Accompagné du crew Helajny, on fait découvrir la Reeperbahn à Beasty, après une nuit dont je tairais les secrets, on prend l’avion, retour case départ : Aéroport Charles de Gaulle. Sur ce vol, les passagers se demandent ce que nous avons, vu les hurlements dus à la crise de fou rire qui s’empare de nous après avoir pris quelques photos plus bêtes les unes que les autres.
Après un check de l’épaule à mon fréro, je remarque que la fatigue et la satisfaction du travail bien accompli se lisent sur nos visages, puis je monte dans l’avion direction Afrique. J’en profite pour regarder « Et Dieu créa la femme ». Les vols me permettent au moins de compenser mon retard en matière de classiques. Ce film est parfait sur le moment : sa simplicité, les décors du Sud de la France m’apaisent et je découvre Brigitte Bardot sous un autre angle! Si j’avais une machine à remonter le temps…

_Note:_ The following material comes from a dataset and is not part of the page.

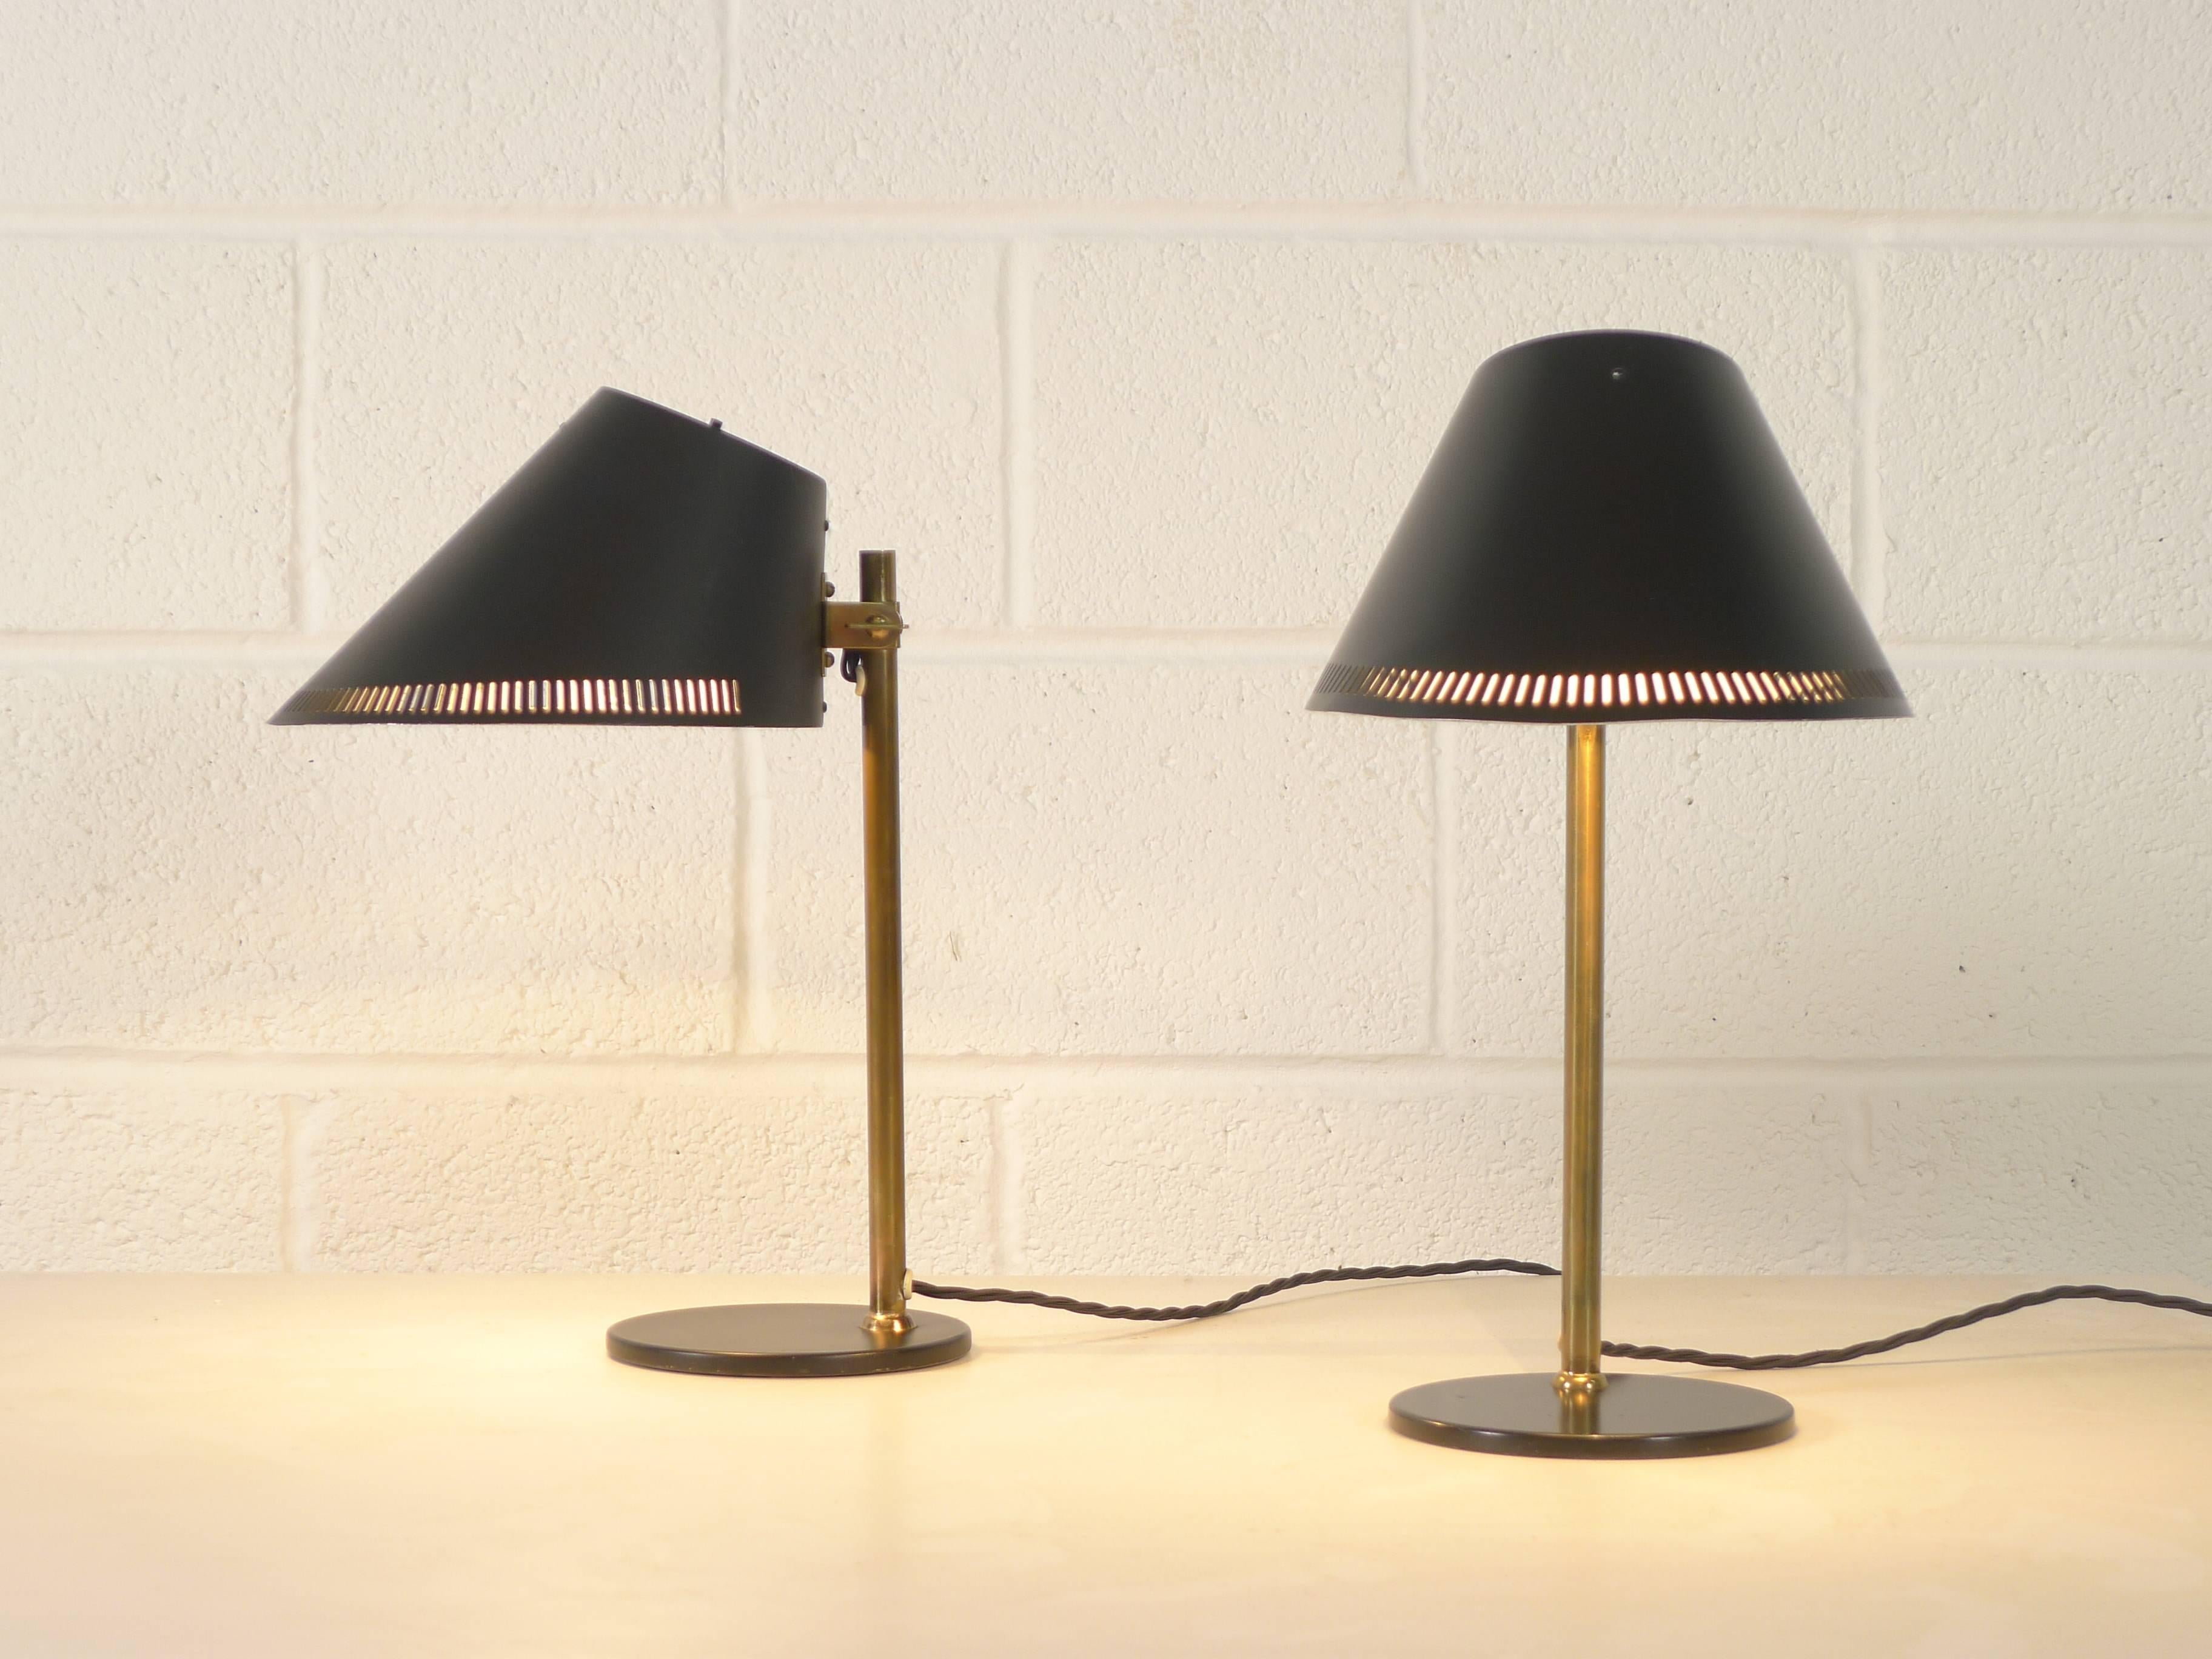 Paavo Tynell, Pair of Desk Lamps with Black Enamel Shades, Idman Production 4
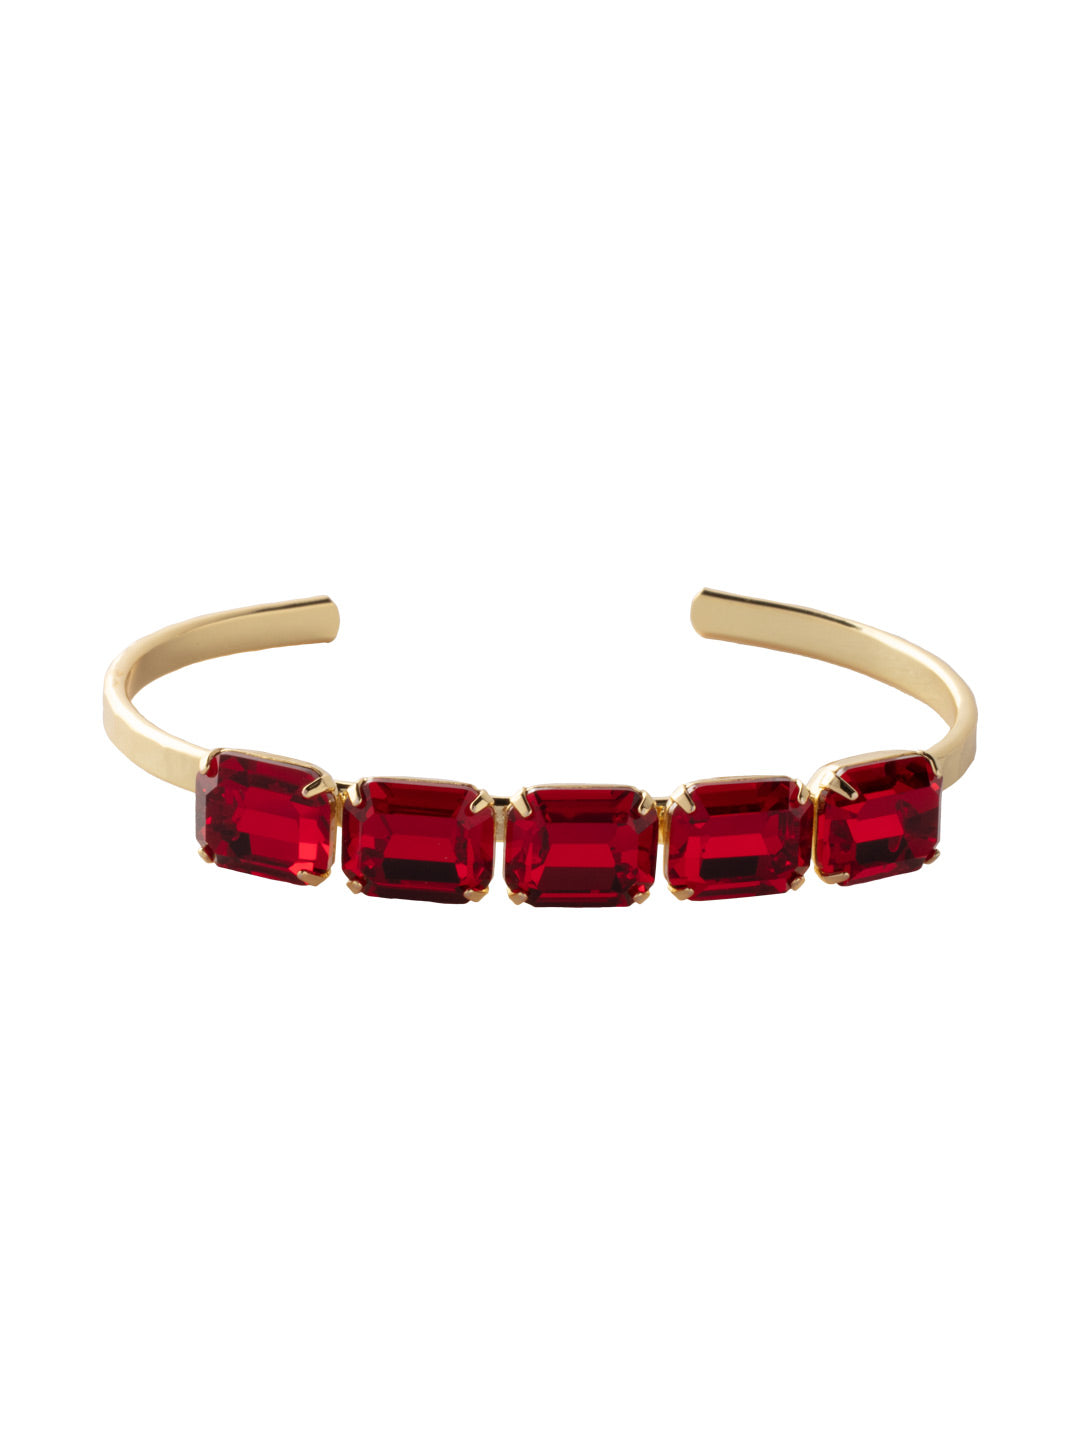 Emmy Cuff Bracelet - BEY40BGCB - <p>The Emmy Cuff Bracelet lines five emerald cut crystals on a metal tone adjustable cuff band to create a perfect piece to wear alone or layer. From Sorrelli's Cranberry collection in our Bright Gold-tone finish.</p>

En fait, si j’avais une machine à remonter le temps, je ne changerais rien au début artistique de l’année 2015.
Lundi prochain on reviendra sur les ateliers au lycée français d’Accra et les projets qui arrivent, ainsi qu’une nouvelle activité qui s’ajoute à mon panel !
Votre Maras.
*Les 5 épreuves du End of the Weak :
1-un texte libre sur instru
2-un texte a capella
3-une improvisation avec un sac d’objet dans lequel on doit piocher pour les intégrer en rap
4-improvisation sur le DJ qui change d’instru et de vitesse à souhait
5-Un cercle avec tous les rappeurs en utilisant les rimes des autres pour envoyer des punchlines.